The government and some economists argue that the hike will have some positive impact on the economy, as minimum wage earners get more spending power.
“Actually what you see is increases in employment because that money gets recycled,” said Labour Minister Kevin Flynn.
“This isn’t money that goes to the Cayman Islands. This isn’t money that goes into savings accounts. If you’re trying to raise a family on a minimum wage in the province of Ontario you don’t have a savings account,” he said. “What you do is you take that money out, you pay your rent, you pay your groceries, maybe a little car payment, you buy some shoes for the kids, diapers, that goes right back into the businesses.”
Does wage hike mean job losses?
Flynn also immediately made political hay of the Progressive Conservatives voting against the legislation.
“I really think it was a slap in the face to working people in the province,” he said. “I expected better.”
Progressive Conservative John Yakabuski said his party didn’t support it because of various analyses and business groups warning such a sharp increase in minimum wage will lead to job losses.
“The accelerated increase in the minimum wage is the No. 1 reason why we had to send a clear message that we’re going to defend what we believe are the working class in Ontario,” he said. “If you haven’t got a job your wage is zero.”
The province’s economic watchdog, the Financial Accountability Office, has estimated more than 50,000 people could lose their jobs due to the minimum wage increase.
A TD Bank report has estimated the minimum wage hike could cost the province’s economy as many as 90,000 jobs by 2020. And an analysis from the Keep Ontario Working Coalition concluded over 185,000 jobs could be impacted.
Businesses say it will be difficult to absorb the increased costs over such a short time frame.
“They also turned a blind eye to numerous surveys and evidence-backed studies warning of significant job losses, especially among lower-skilled workers,” said Julie Kwiecinski, with the Canadian Federation of Independent Business.
The minimum wage increase is the centrepiece of the legislation and something labour advocates have been urging for years.

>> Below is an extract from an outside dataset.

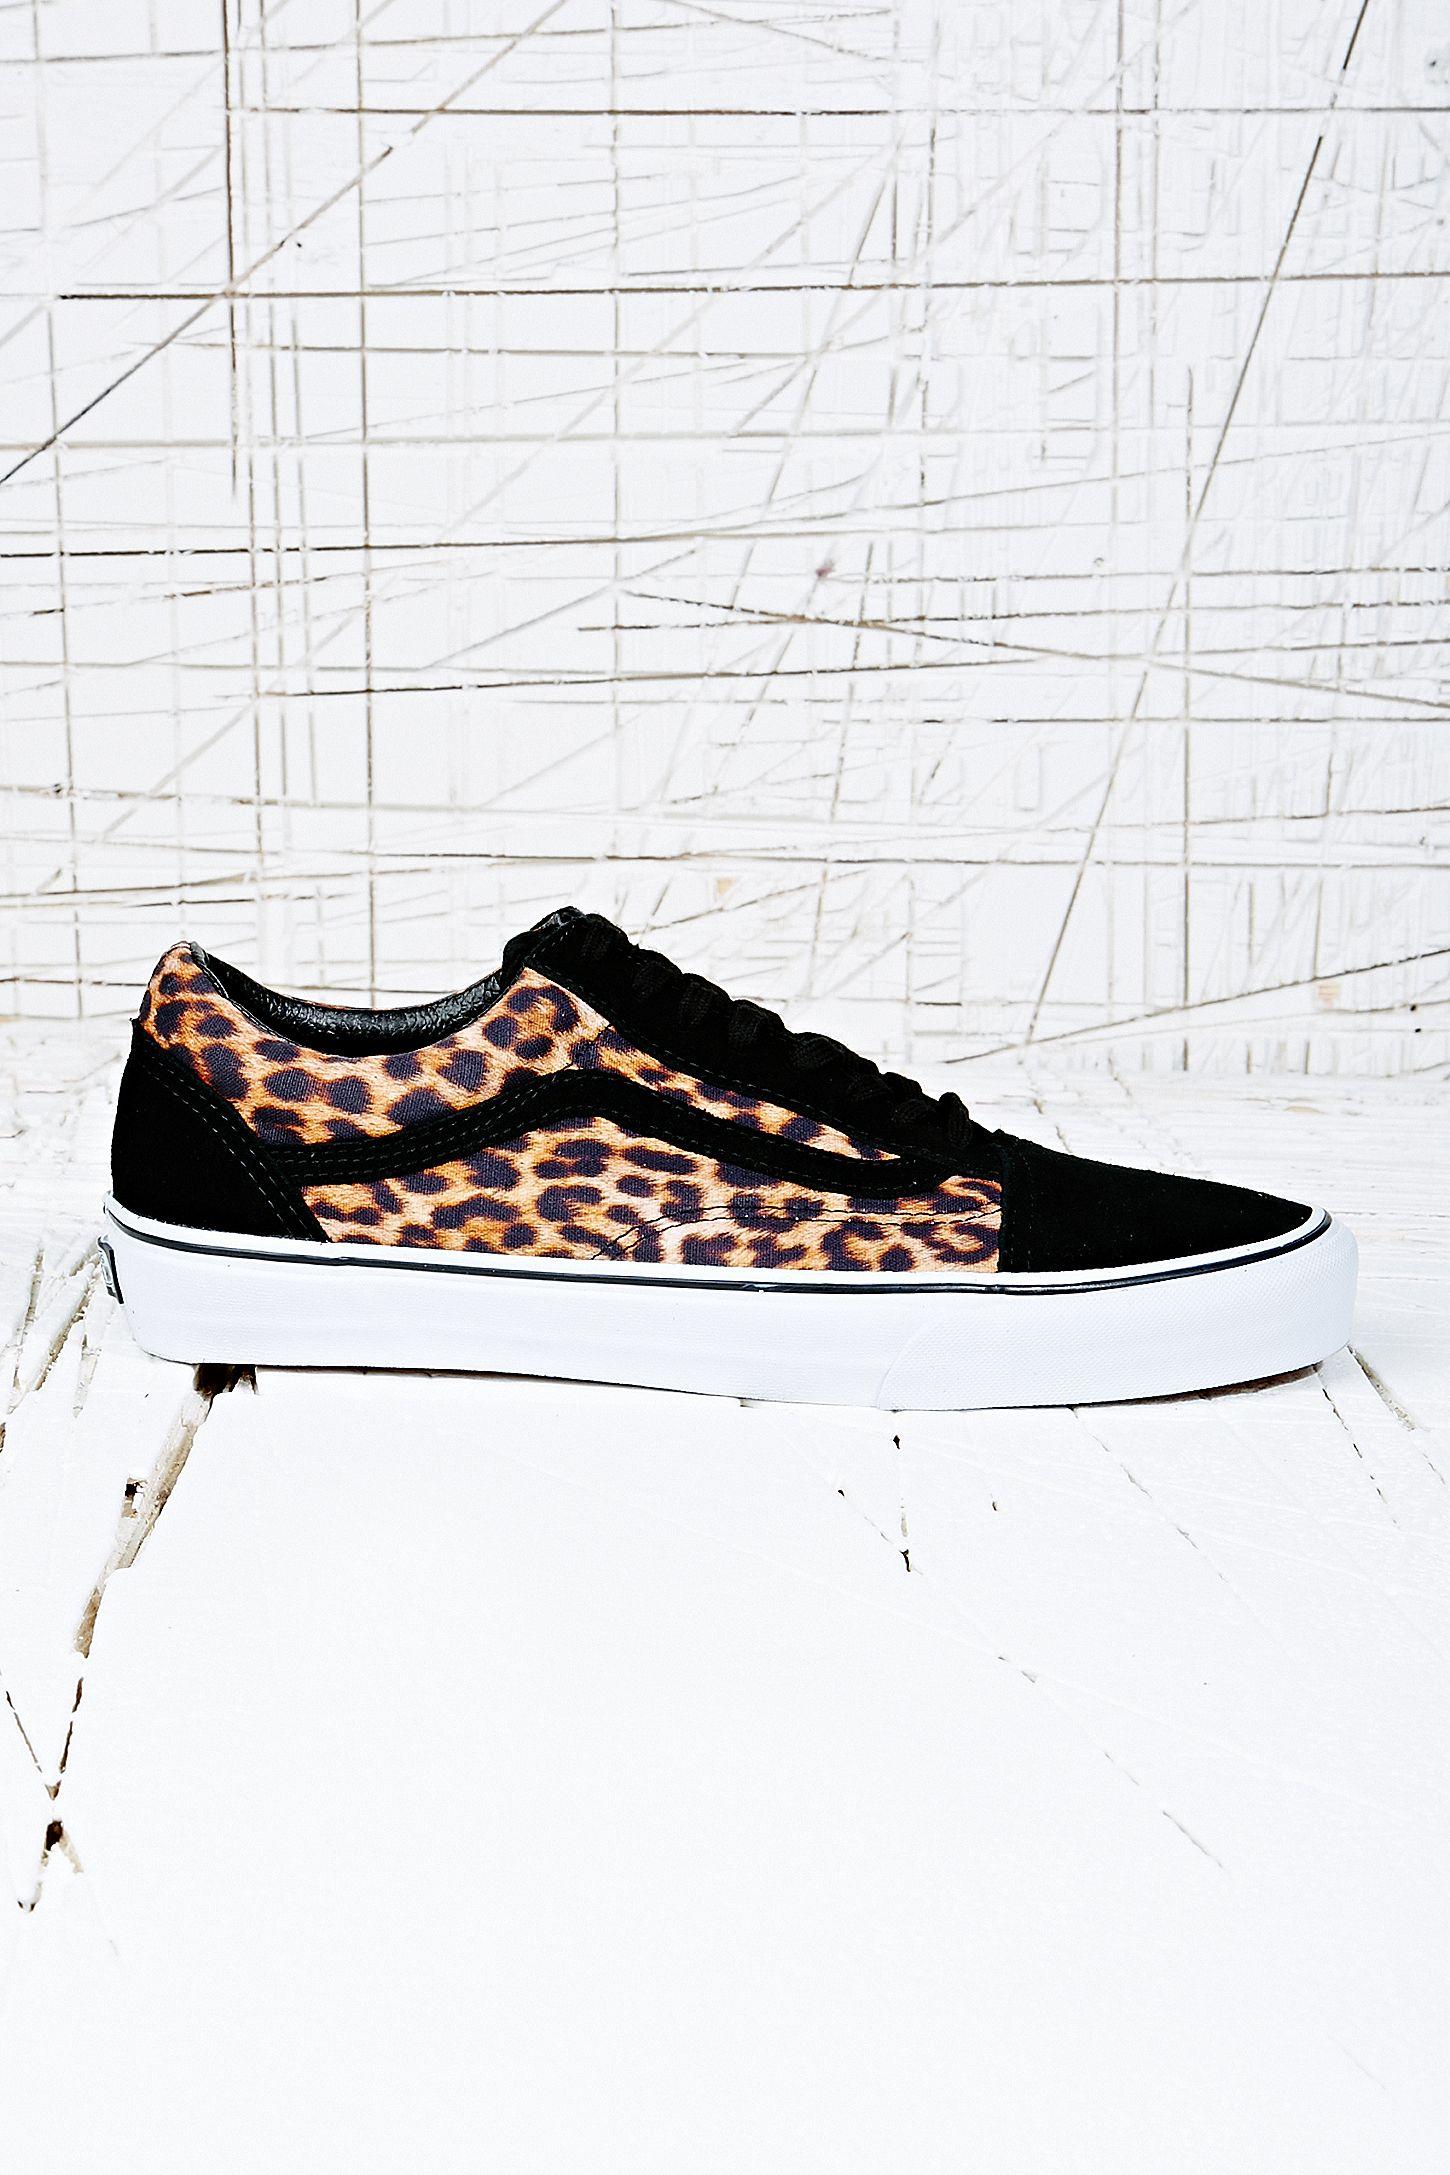 Vans Old Skool Suede Trainers in Leopard Print  380c9e4a4c0e

“The $15 minimum wage will put money where it is deserved and most needed, into workers’ pockets,” Navi Aujla, a former temp agency worker with the $15 & Fairness campaign, said in a statement.
“Together with paid emergency days, fairer scheduling and equal pay for equal work measures, $15 will make a real difference for our communities who fought so hard for this victory.”
The Ontario Federation cheered the passage of the legislation but had hoped it would contain even more changes.
“The law needs to go further to better safeguard decent work for generations to come,” said president Chris Buckley. “It must reflect what these workers and so many others face every day, including low wages, no access to unions and no job security.”
The NDP had proposed amendments to give all workers five paid sick days, eliminate minimum wage exemptions for servers and limit how much companies can rely on temp workers, but the Liberals voted them down.
“Workers have been waiting 14 long years actually under the Liberal government for some improvements to their working conditions in this province,” said New Democrat Cindy Forster.